I can also add that when the machines are suddenly shut down (extrem reboot workstation), the storage does not disappear, it is enough after switching on to check drbd.daemon, select the main node again and mount the device on it.
And the different situation. Random synchronization behavior can lead to a situation where the write operation has been completed, but the transmission over the network has not yet taken place, or vice versa.
If at this moment the active node fails and fault tolerance is initiated, then this data block is not synchronized between the nodes — it was written to the failed node before the failure, but replication has not yet been completed. Thus, when the node is eventually restored, this block must be removed from the dataset during subsequent synchronization. Otherwise, the failed node will be "one record ahead" of the surviving node, which will violate the "all or nothing" principle for replicated storage. This is all appropriate for my version of drbd 8.4.11, however, in version 9 everything works a little differently.
## Task 3 - High Available setup
:::info
Modify your configuration to make storage high available. Besides it, you will need to format your block device with a clustered filesystem (e.g., **OCFS2**, GlusterFS, MooseFS).
Again validate the storage on your distributed block device.

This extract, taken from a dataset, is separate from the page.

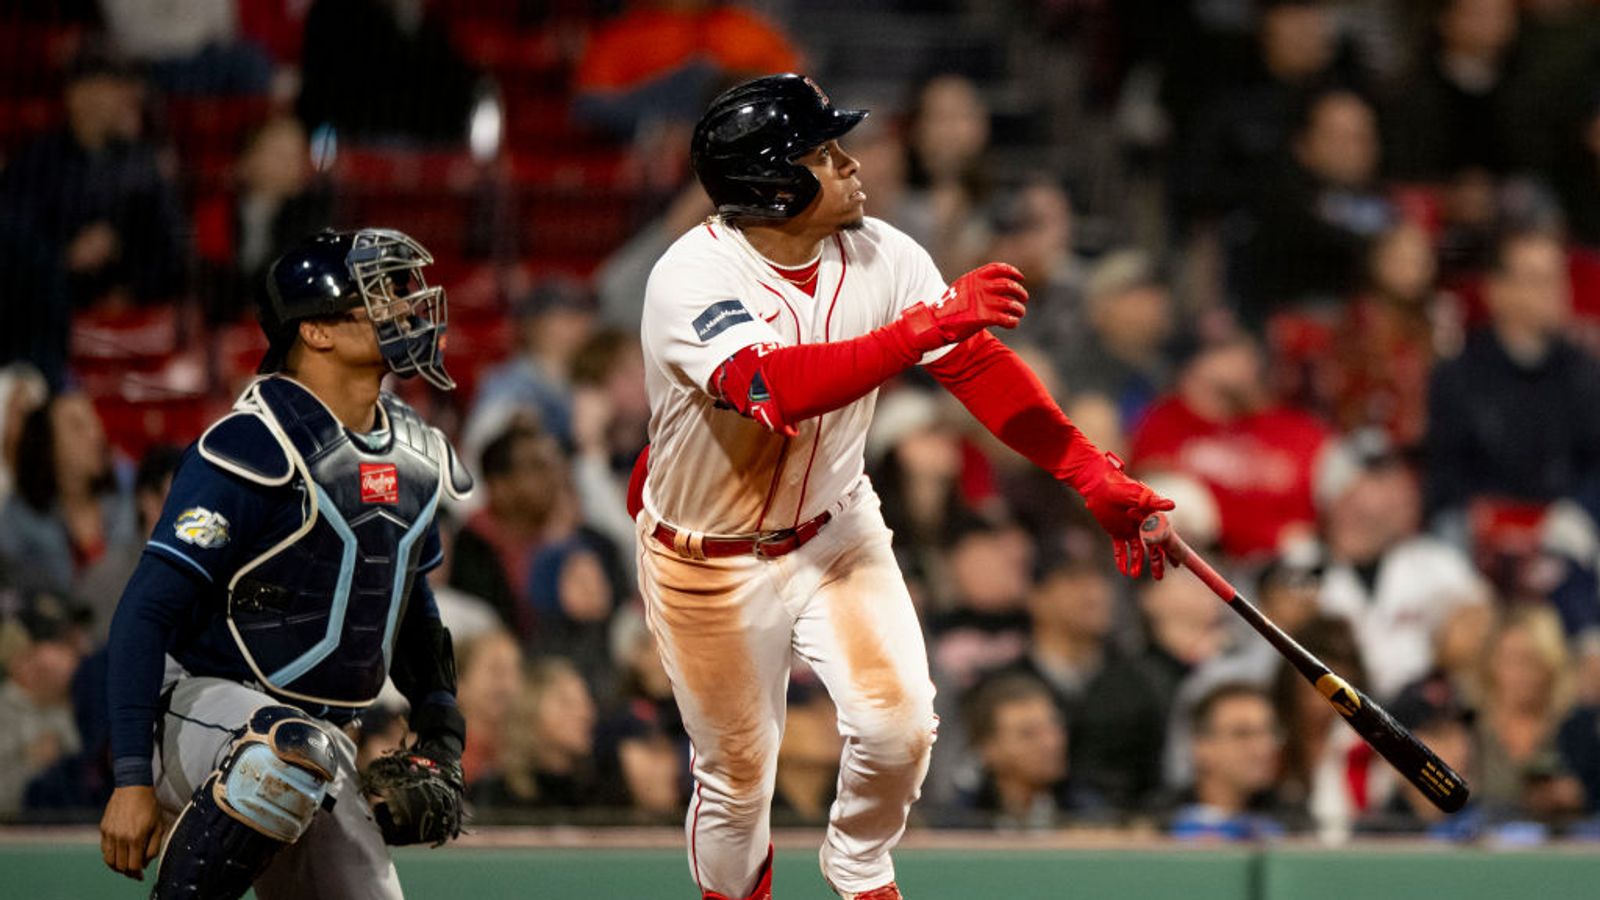 Red Sox: Tanner Houck tagged with second loss in as many starts

Was it necessary to do something on another nodes to get the data in this setup?
:::
First I need to change the configuration (**/etc/drbd.conf**), in my case I want to add options responsible for the actions of the node when a splitbrain is detected, change the bandwidth of the synchronization channel and set both nodes as primary (since simultaneous data access is possible in this way, this mode usually requires the use of a shared cluster file system).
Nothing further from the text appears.